On history books: One I want to read is “The Swerve — How the World Became Modern” by Stephen Greenblatt. It’s a history of the poet Lucretius, and how his work was discovered and became the start of the Renaissance.
On storage: When I worked for Kodak in the 1970s, they were already selling microfilmers with terabytes of data storage. There were things like the entire Bible on a single postage stamp size frame of film — and that was in image format, without digitizing it.
When storage capacity is this high, they don’t even bother to compress the data (then and now). Can you imagine what the raw data capacity of a 100-year-old movie film would be with digital data format on it?
It’s hard for me to imagine having that much real data to save. The vast majority of what fills our hard disks (and probably most books and other printed matter) is drivel. We save whole haystacks of data just for the useful needle buried somewhere in it. But it’s also not worth our time to find the needle and just save that. 🙂
I listened to an audio version of “Sailing from Byzantium” a while back, very interesting.
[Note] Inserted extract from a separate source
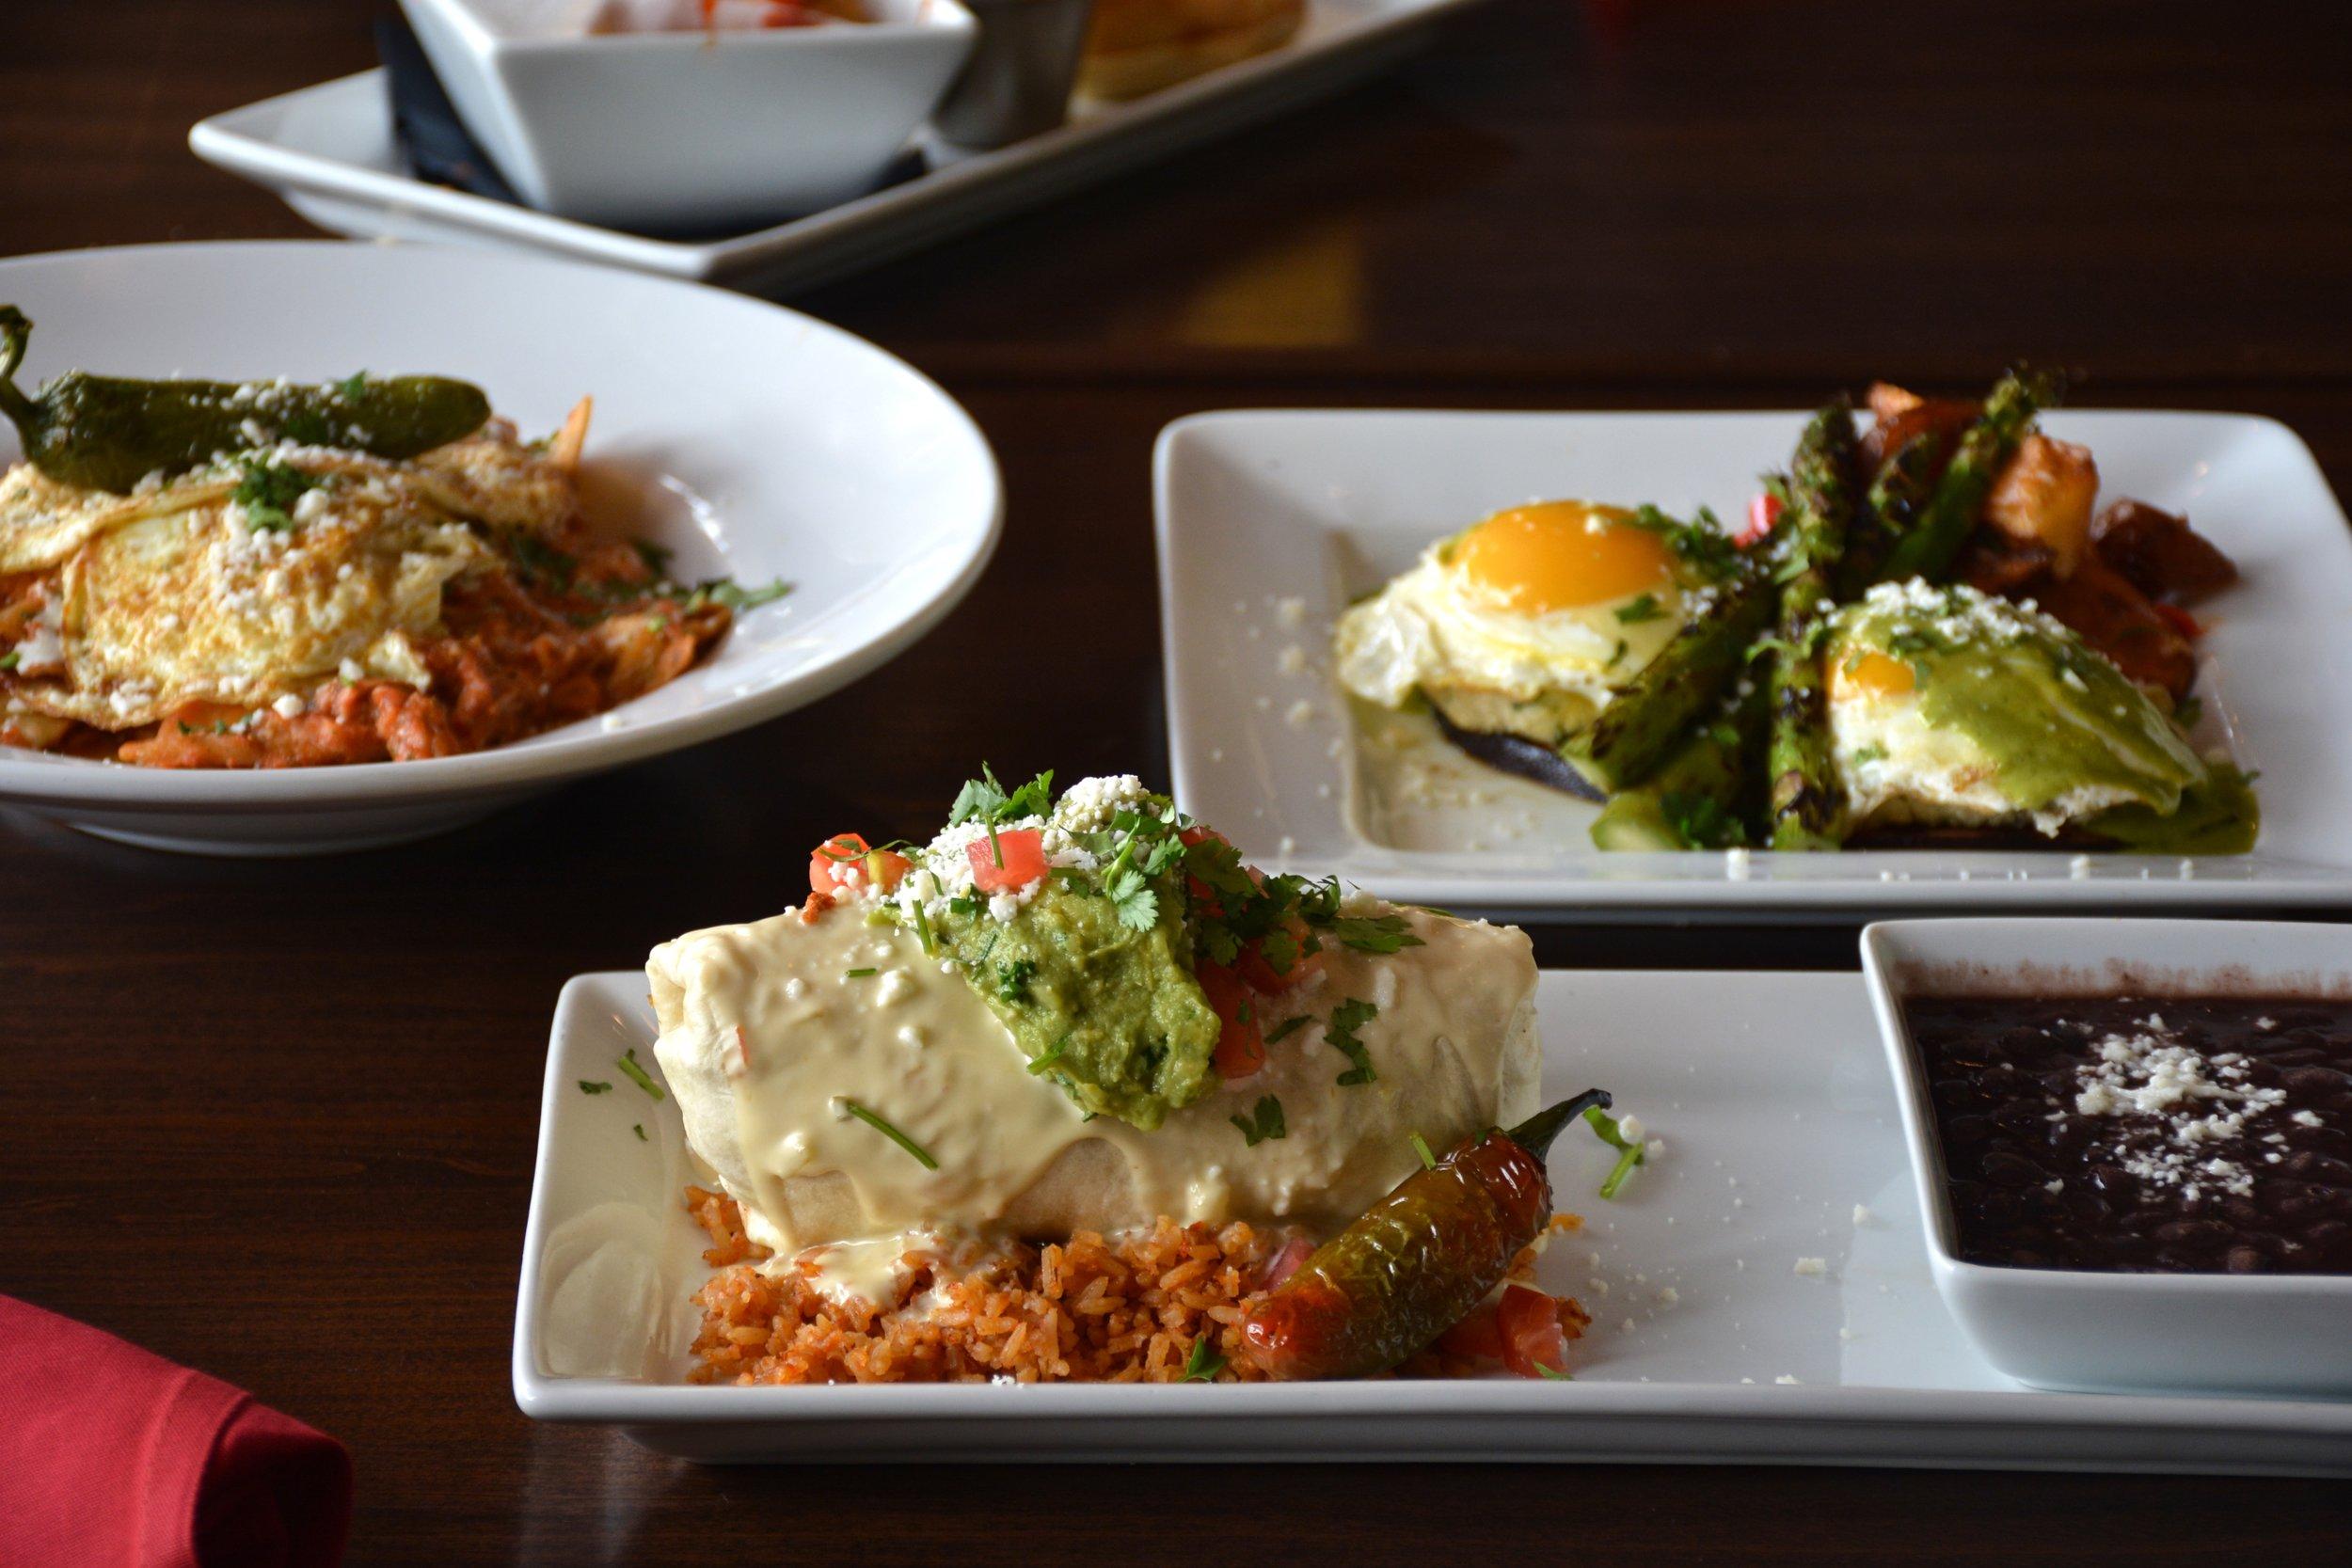 Best Brunch in Kansas City: Zocalo Mexican Cuisine & Tequileria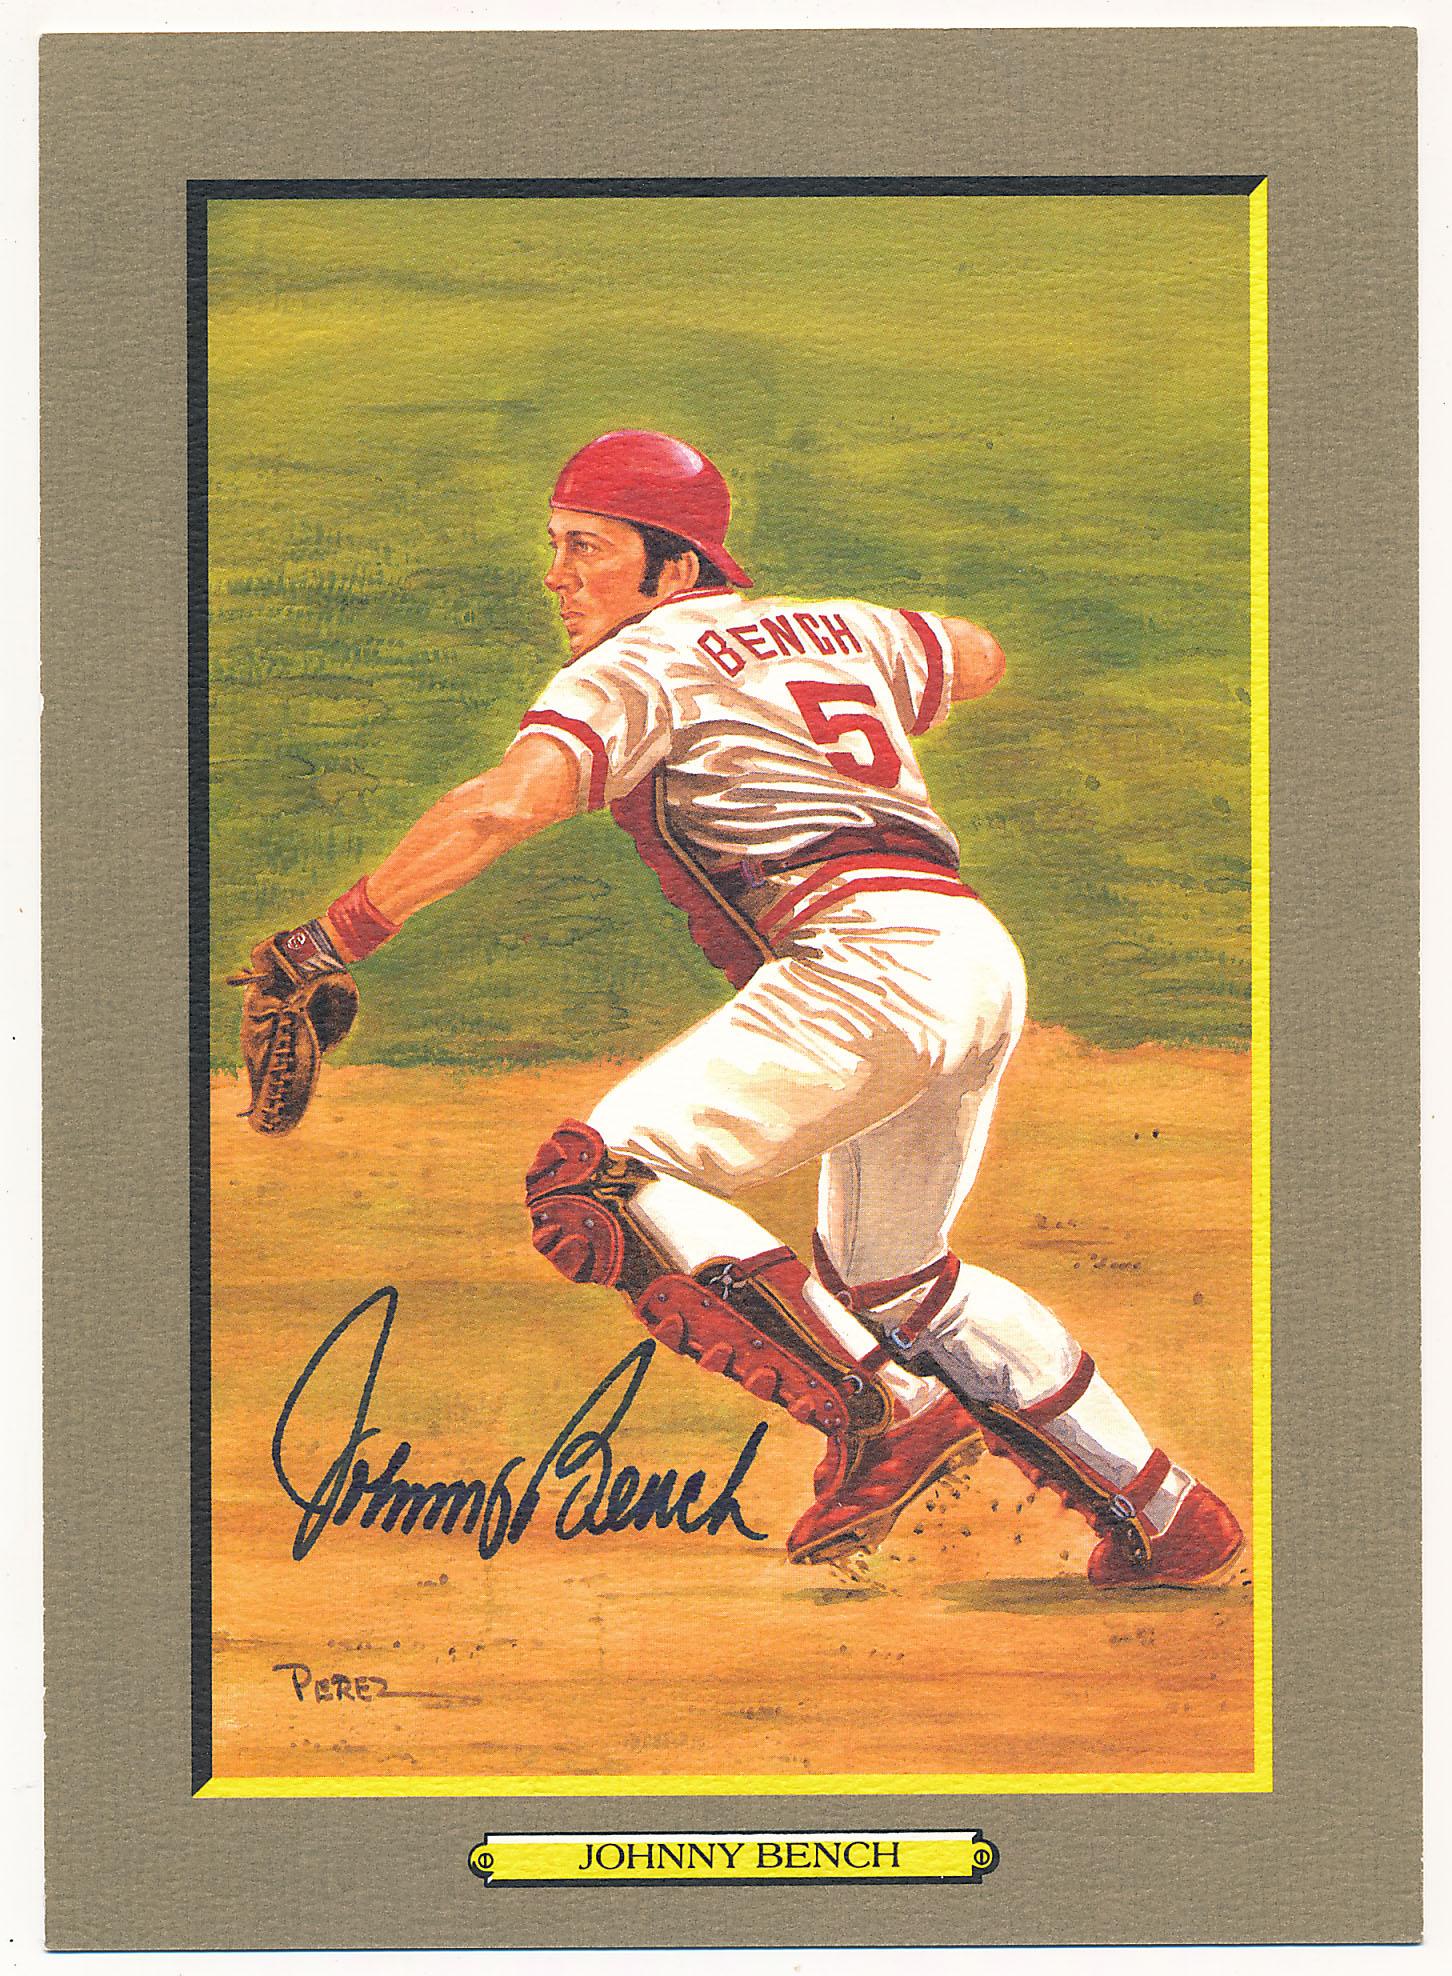 Lot #127 1985 Perez Steele Greatest Moments # 49 Johnny Bench (JSA LOAA) Cond: 9.5

I actually started plotting the demise of emperor’s: natural causes, disease, assassination, battle, usurpation, unknown, etc; using Excel and a pie chart. Mostly using Wikipedia, but sometimes had to search a bit deeper.
I stopped after a few hundred years, only 44 of about 108. Too depressing. I should probably finish it up.
Preliminarily: Deposed came first at 31%, Natural Causes 2nd at 16%, then Illness at 9%, followed by Deposed/Executed at 7% and Assassination at 7%.